Voices in support of Darling-Hammond were hard to find in corporate media: There was an op-ed backing her in her local paper, the San Francisco Chronicle (12/12/08), and a couple of prominent letters to the editor--one by Darling-Hammond herself (New York Times, 12/12/08) responding to the Brooks column, and another in the Washington Post (12/11/08):

The claim that Ms. Darling-Hammond represents the "status quo" is ludicrous.... She was the founding executive director of the National Commission for Teaching and America's Future, a panel whose work catalyzed major policy changes to improve the quality of teacher education.
She has been a powerful voice for the fundamental principle that all children deserve a well-prepared and properly supported teacher. She has advocated for strong accountability and has offered thoughtful alternatives--a balanced system of measures to evaluate higher-order thinking skills. And she has urged federal policies that would stop the micromanagement of schools and start ensuring educational equity--an issue only the federal government can tackle. Corporate media have thus far been mostly pleased with Obama's nominations--in large part because the president-elect's moves have been seen as staying close to the media-approved "centrism." (FAIR Media Advisory, 11/26/08).
The media unease with the possibility of a progressive pick for education secretary was dealt with by Alfie Kohn in the Nation (12/29/08):
Progressives are in short supply on the president-elect's list of cabinet nominees. When he turns his attention to the Education Department, what are the chances he'll choose someone who is educationally progressive?
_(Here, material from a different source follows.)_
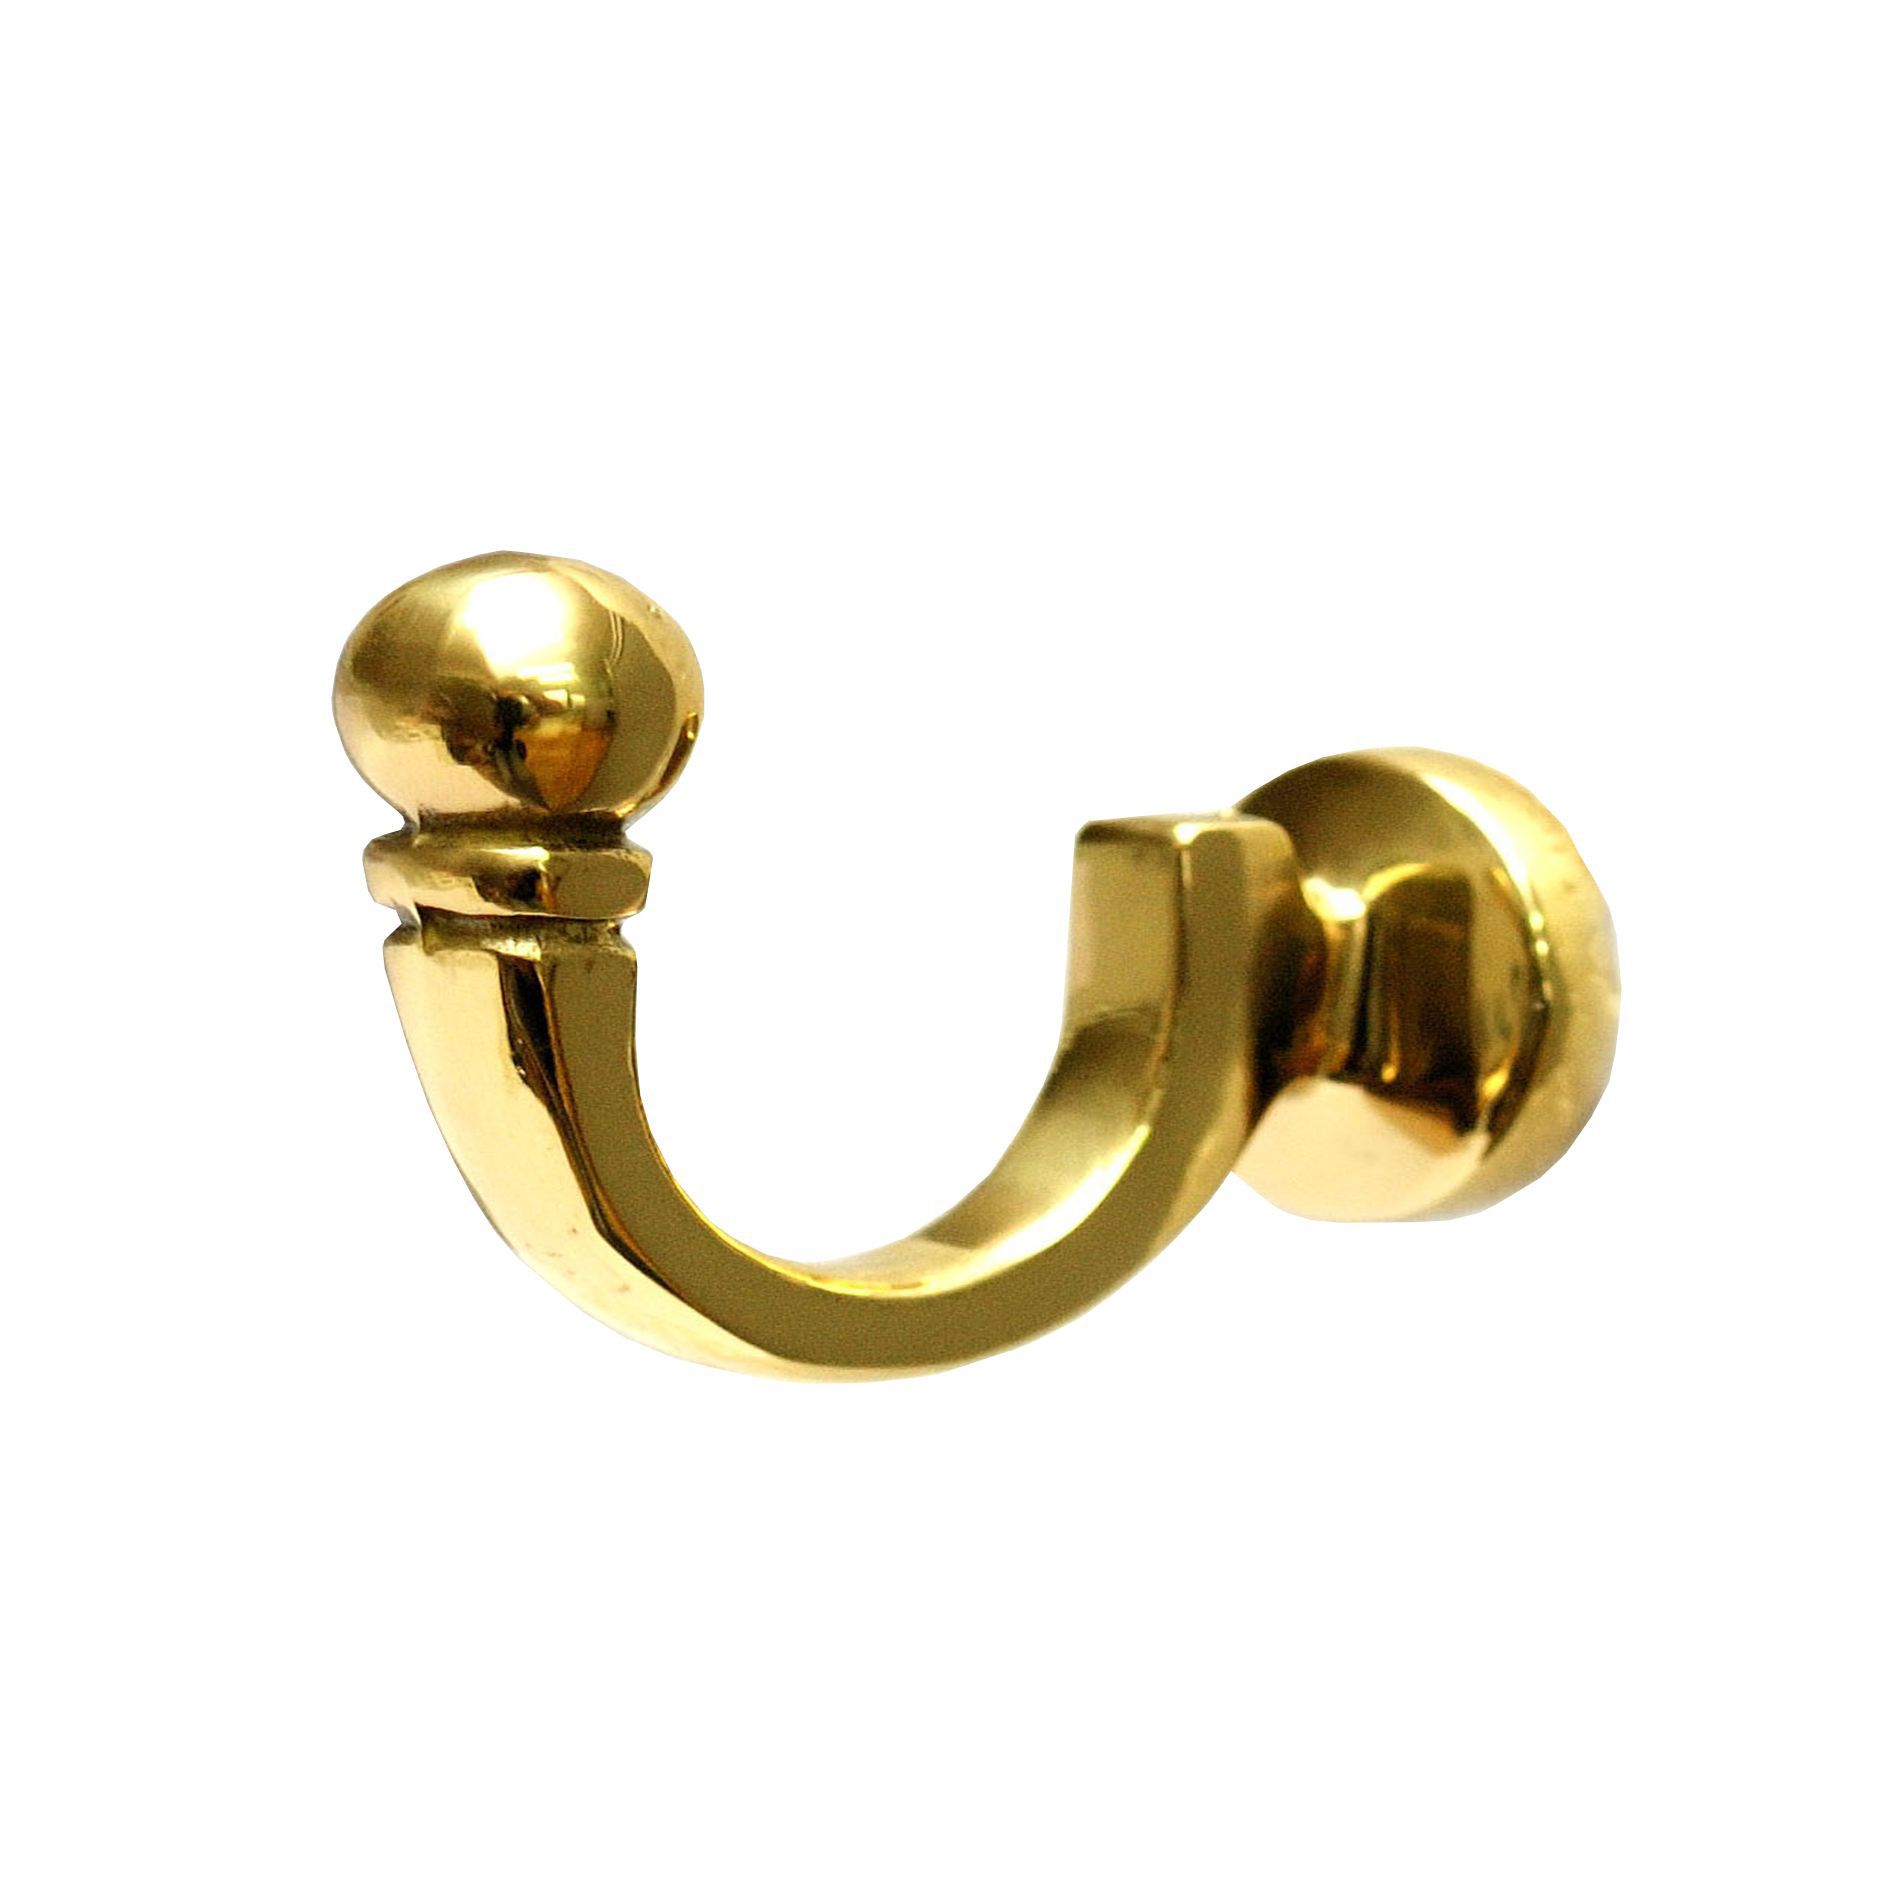 Antique effect Brass U-shaped Single Hook (H)23mm (W)53mm

In fact, just such a person is said to be in the running and, perhaps for that very reason, has been singled out for scorn in Washington Post and Chicago Tribune editorials, a New York Times column by David Brooks and a New Republic article, all published almost simultaneously this month. The thrust of the articles, using eerily similar language, is that we must reject the "forces of the status quo" which are "allied with the teachers' unions" and choose someone who represents "serious education reform."

One prominent exception to the corporate media's one-sided presentation of the Education nominee search was Sam Dillon's news article in the New York Times (12/14/08). Not only did it avoid caricaturing Darling-Hammond by citing views of both her critics and supporters, the article included some accurate media criticism:

Editorials and opinion articles in the New York Times, the Washington Post and the Los Angeles Times have described the debate as pitting education reformers against those representing the educational establishment or the status quo. But who the reformers are depends on who is talking.

Unfortunately, in most establishment media accounts, only one side has been allowed to do the talking.